Querer que ese espacio sea público no es pecado, siempre que el propietario de ese terreno sea indemnizado. Lo que sí creo es que hay que mantenerlo como espacio abierto, no solo porque son espacios verdes que tienen gran valor ambiental, sino porque no hay necesidad de construir sobre los pocos vacíos que nos quedan. Más bien densificar las áreas que ya edificadas o los bordes que permiten ese espacio público. Tampoco ganaríamos nada convirtiéndolos en espacio público si los bordes siguen siendo embajadas o casas de familias. Sería un parque para ellos. A lo mejor la zona baja puede tener un carácter, la media otro y la zona alta otro carácter, hay formas de compartir el espacio. Si tuviera ciclovías, trochas que permitieran llegar al Ávila sin necesidad de entrar sino disfrutándolos desde afuera, al menos sería una forma de compartir la belleza de ese lugar. Vivimos en una ciudad con miedo al otro y nos estamos encerrando entre murallas.

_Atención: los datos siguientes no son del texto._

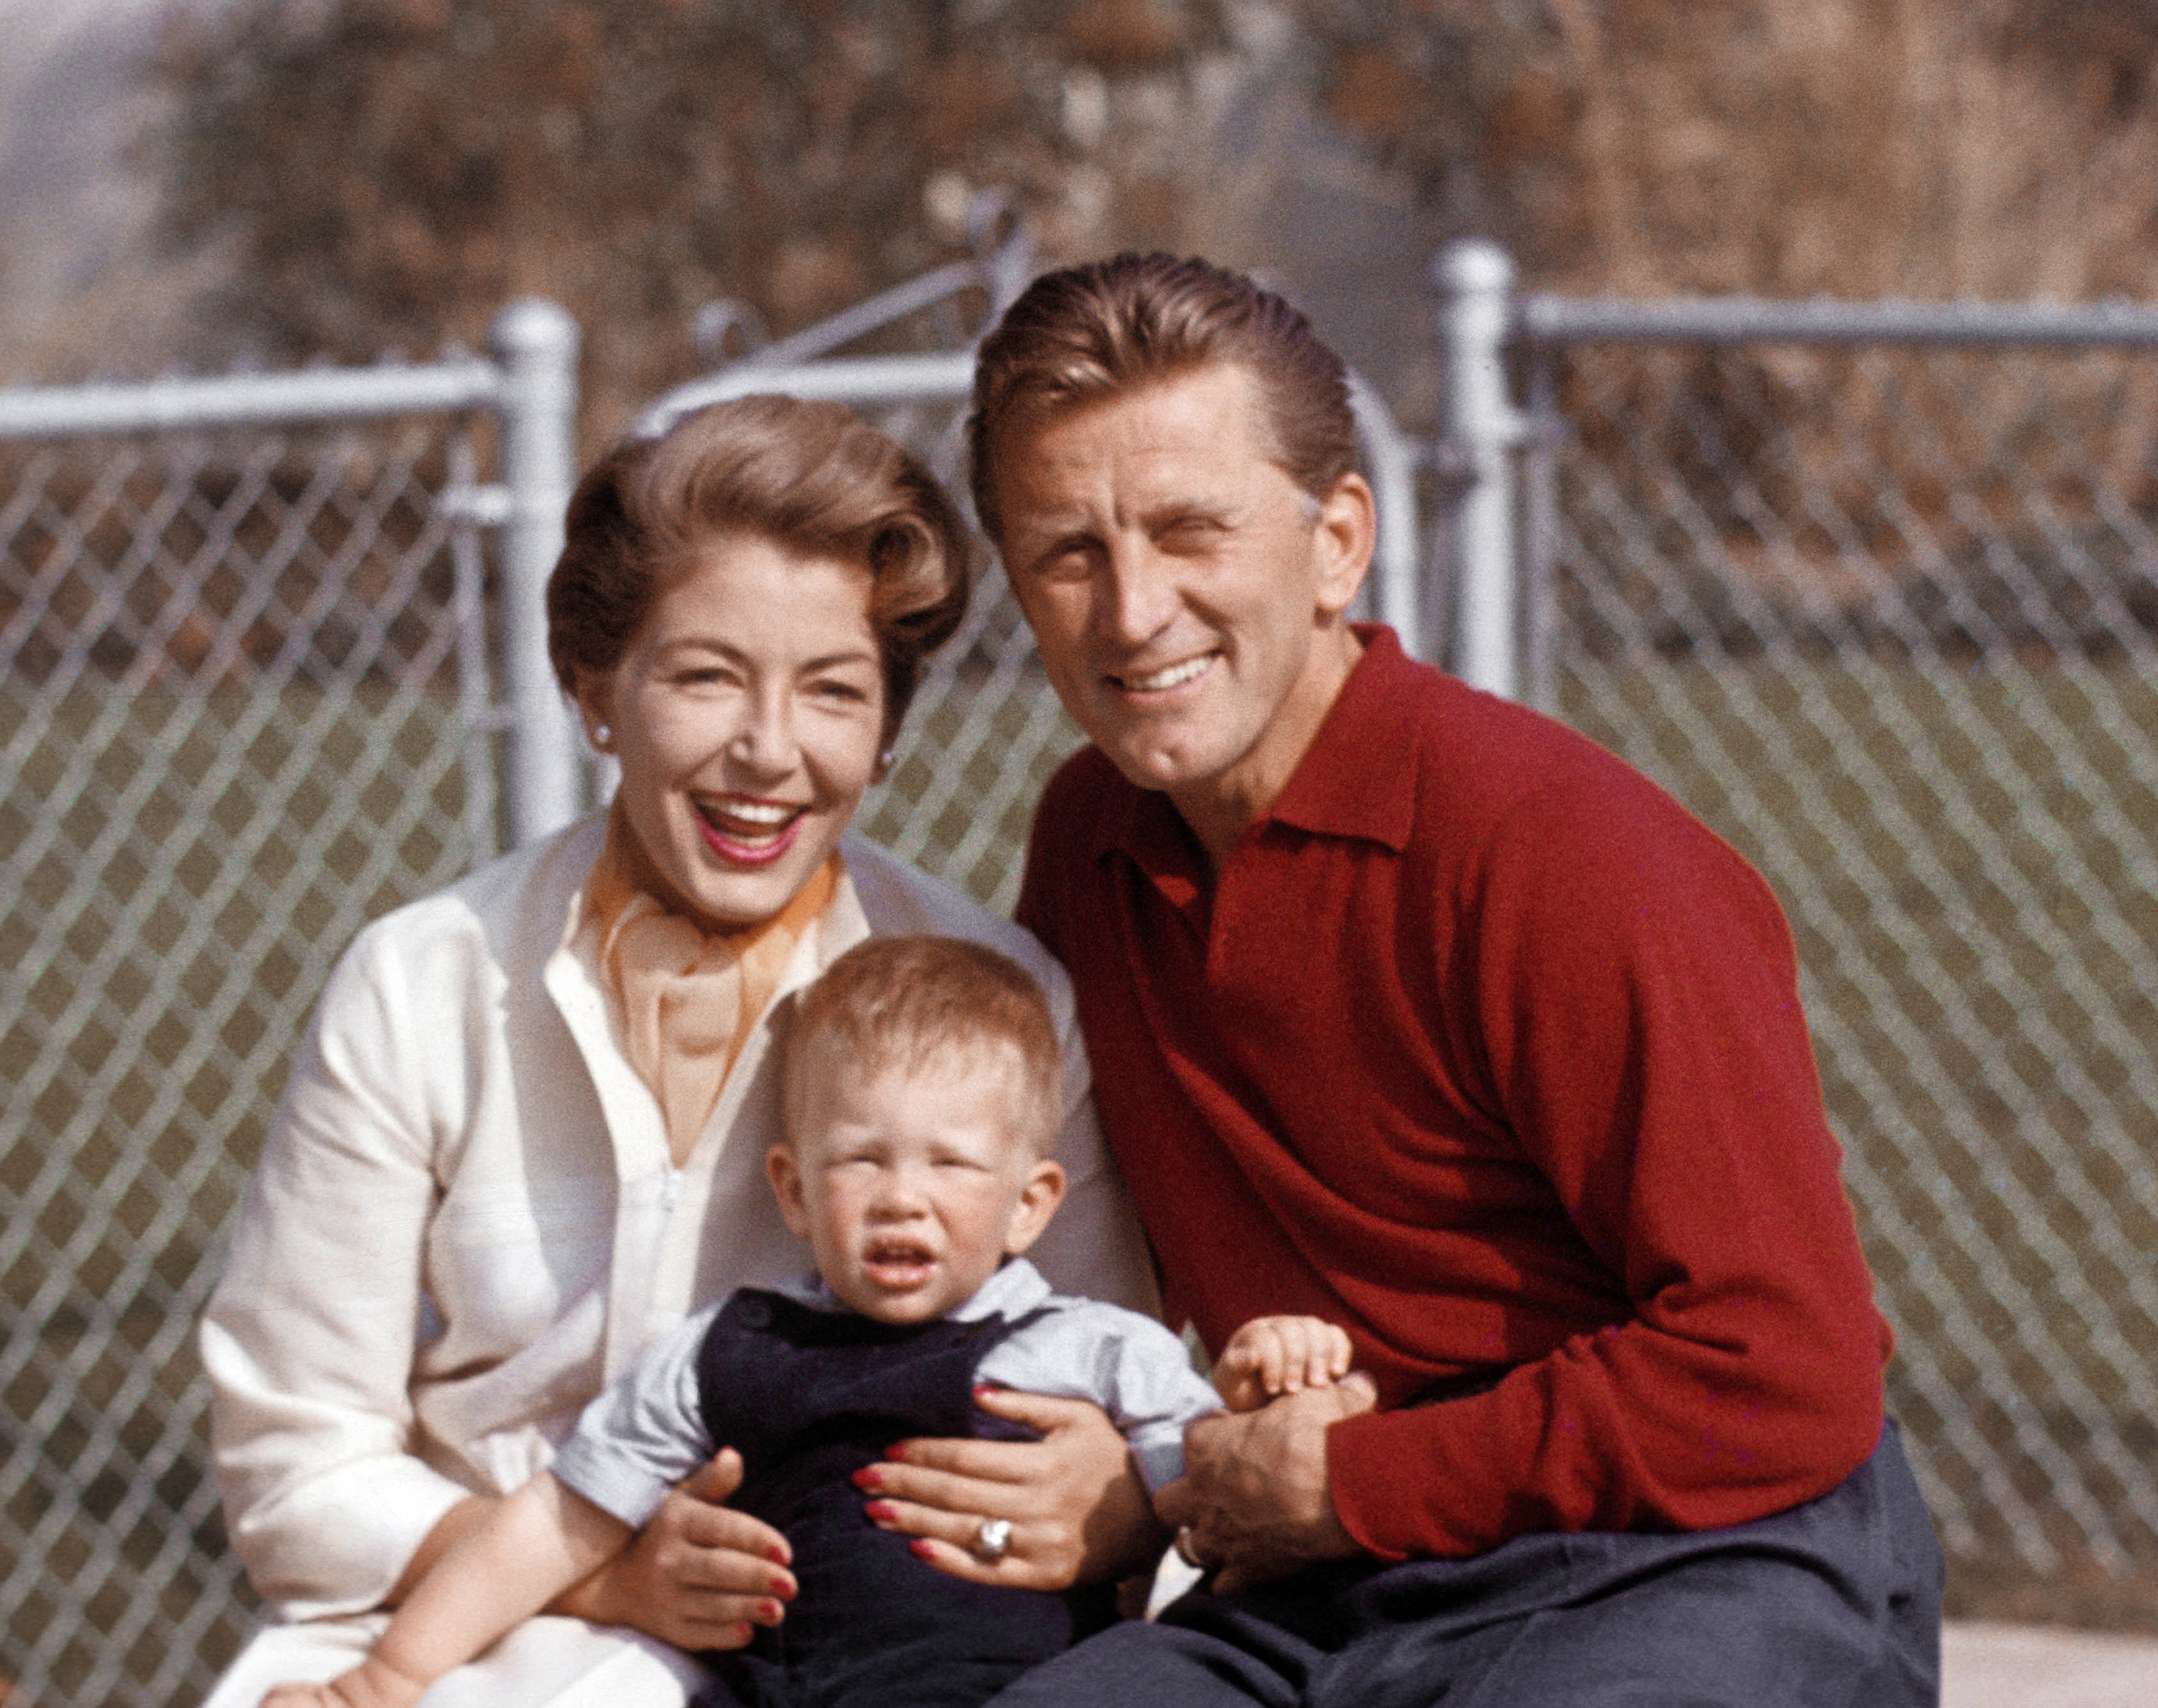 Kirk Douglas at home with his spouse Anne Douglas their son Peter Vincent Douglas in Los Angeles on February 14, 1957. | Source: Getty Images

—Sabemos que esos muros no han incidido positivamente en la seguridad.

—Eso lo sabemos tú y yo, pero hay mucha gente que sigue creyendo que esa es la gran solución. En el fondo es al revés: en la medida que abres más y eres más gentil, la ciudad es más gentil contigo también.

—Hay un muro que ni siquiera permite ver el campo pegado a la Francisco Miranda, que antes podíamos ver a través de una cerca.

—Un poco en serio, un poco en broma: si lográramos hacer una operación de abatimiento de los muros, lograríamos tener las mejores aceras de la ciudad. Al final todos esos muros van a desaparecer, como ya han desaparecido muchos. Quedarán algunos reductos que recordarán lo trágico que fue, pero es un proceso gradual, no violento, impuesto. Es un proceso de negociación, como en todas las ciudades, donde tiene que haber una relación ganar-ganar. En eso los municipios son los actores fundamentales porque, volviendo a los campos de golf, para esas 300 personas que practican ese deporte, seguramente hay mil soluciones más eficientes en otras partes de la ciudad. Para ellos eso puede tener un valor sustancial que redunda en su propia calidad de vida, siempre es bueno tener un parque enfrente por su valor ambiental. No accidentalmente en una ciudad como Nueva York, las áreas aledañas al Parque Central son las más exclusivas, ahí no vive nadie que gane sueldo mínimo.

—Solo implica tener la disposición a mezclar.

—Pero también hay que resolver esa patología de Caracas: si analizas nuestros parques, parque del Este, Los Caobos, su relación con el perímetro es muy mala. Son bolsas verdes sin relación transversal. Es más difícil para alguien de Los Palos Grandes llegar al parque del Este que alguien que venga de La Lagunita a trotar al parque. No tiene sentido venir de La Lagunita a trotar en el parque del Este, se necesita una oferta de parques en Valle Arriba, en el Country, en el Este y el Oeste de la ciudad, en las colinas del Sur. Un sistema de parques que permita que todo el mundo tenga un parque cercano a su espacio de vida.